導電高分子擁有柔軟、可撓曲、低成本等優點，因此被廣泛地應用於薄膜電晶體、發光二極體、太陽能等有機電子學領域。但高分子巨觀上雜亂的分子結構會產生許多形貌以及電子結構上的缺陷，導致低載子傳導效率。因此，本研究透過修飾自組裝單分子改變基板的表面性質，並藉由改變單分子層以及高分子間的作用力，控制微觀分子排列行為。透過系統性調整單分子層的密度，微控單分子層與高分子側鏈的互嵌作用，並估量相應的高分子微觀排列有序性。本研究不只成功量測出單分子層表面形貌，更計算出單分子層的空間週期，發現最佳單分子層密度與P3HT側鏈週期高度相關，因此得出微觀分子長程有序排列的條件－高分子和單分子層之間幾何結構必須匹配。
本實驗成功的估量自組裝單分子層的密度，釐清高分子和單分子層之間微觀幾何結構的關係，對高分子排列有序性與相應的基本電子結構研究推進重要的一步。

In this study, we systematically regulate the density of self-assembled monolayers (SAM) to control the stacking conformation of semiconducting polymers on the substrate.

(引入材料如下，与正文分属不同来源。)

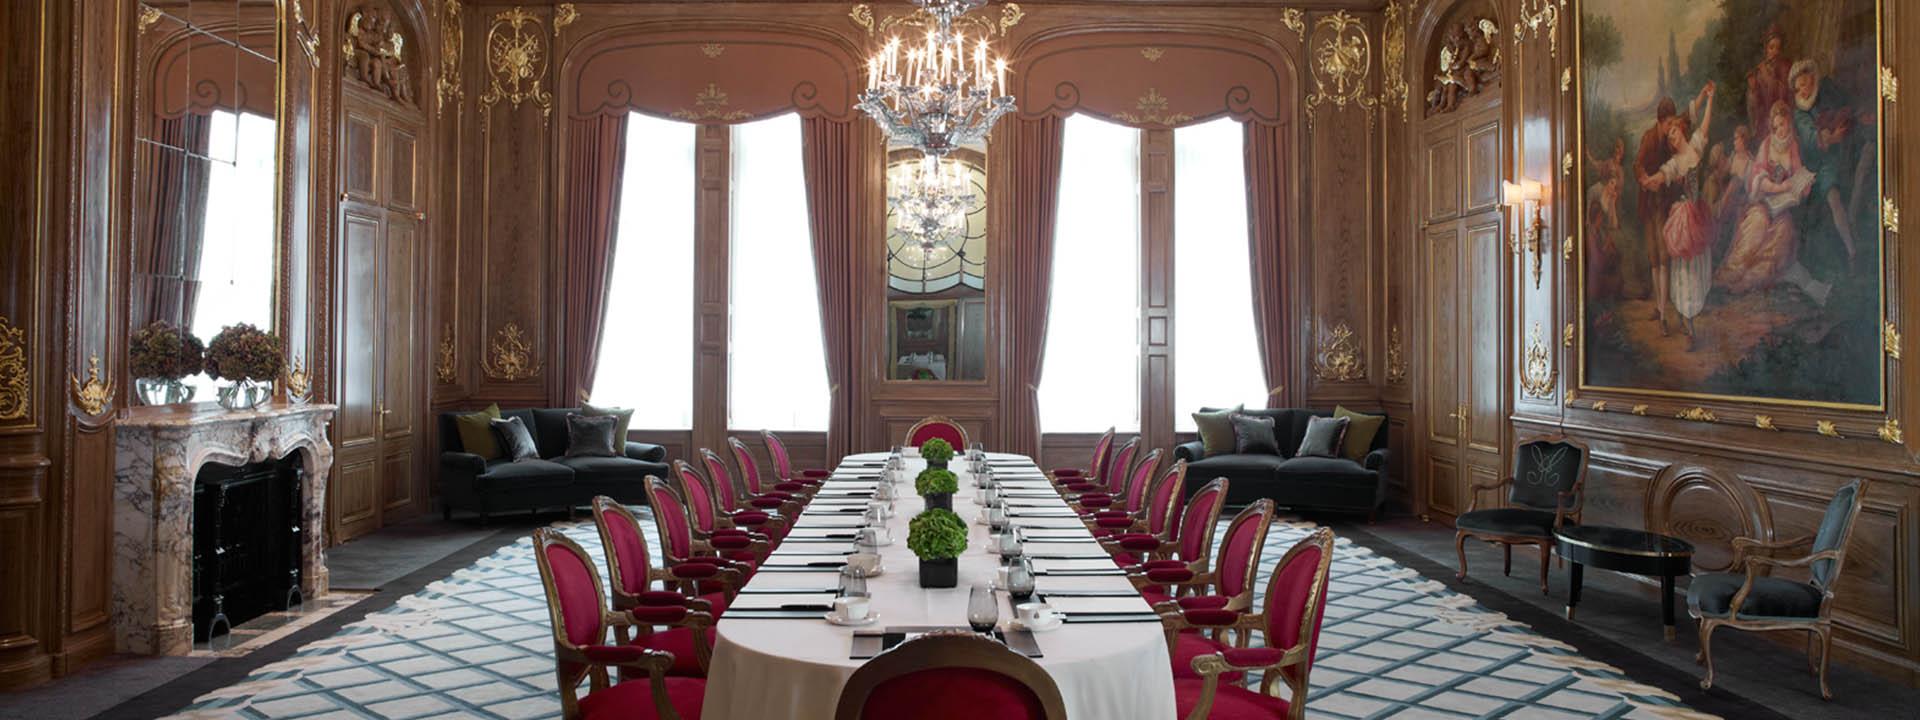 Claridge's business meeting room

In order to properly evaluate the density of monolayer, we increased the chain length of the monolayer to enhance the response of atomic force microscope (AFM). Assisted by the elongated SAM molecules, the morphology and the density of the synthesized monolayers were successfully extracted by AFM. After converting the SAM morphology into a one-dimensional frequency spectrum, the spatial period of the monolayer can be estimated. The best monolayer density was found to be highly-correlated to the period of the P3HT side chain. Therefore, when the geometric correlation of the P3HT and the monolayers matches, it is beneficial to order polymers.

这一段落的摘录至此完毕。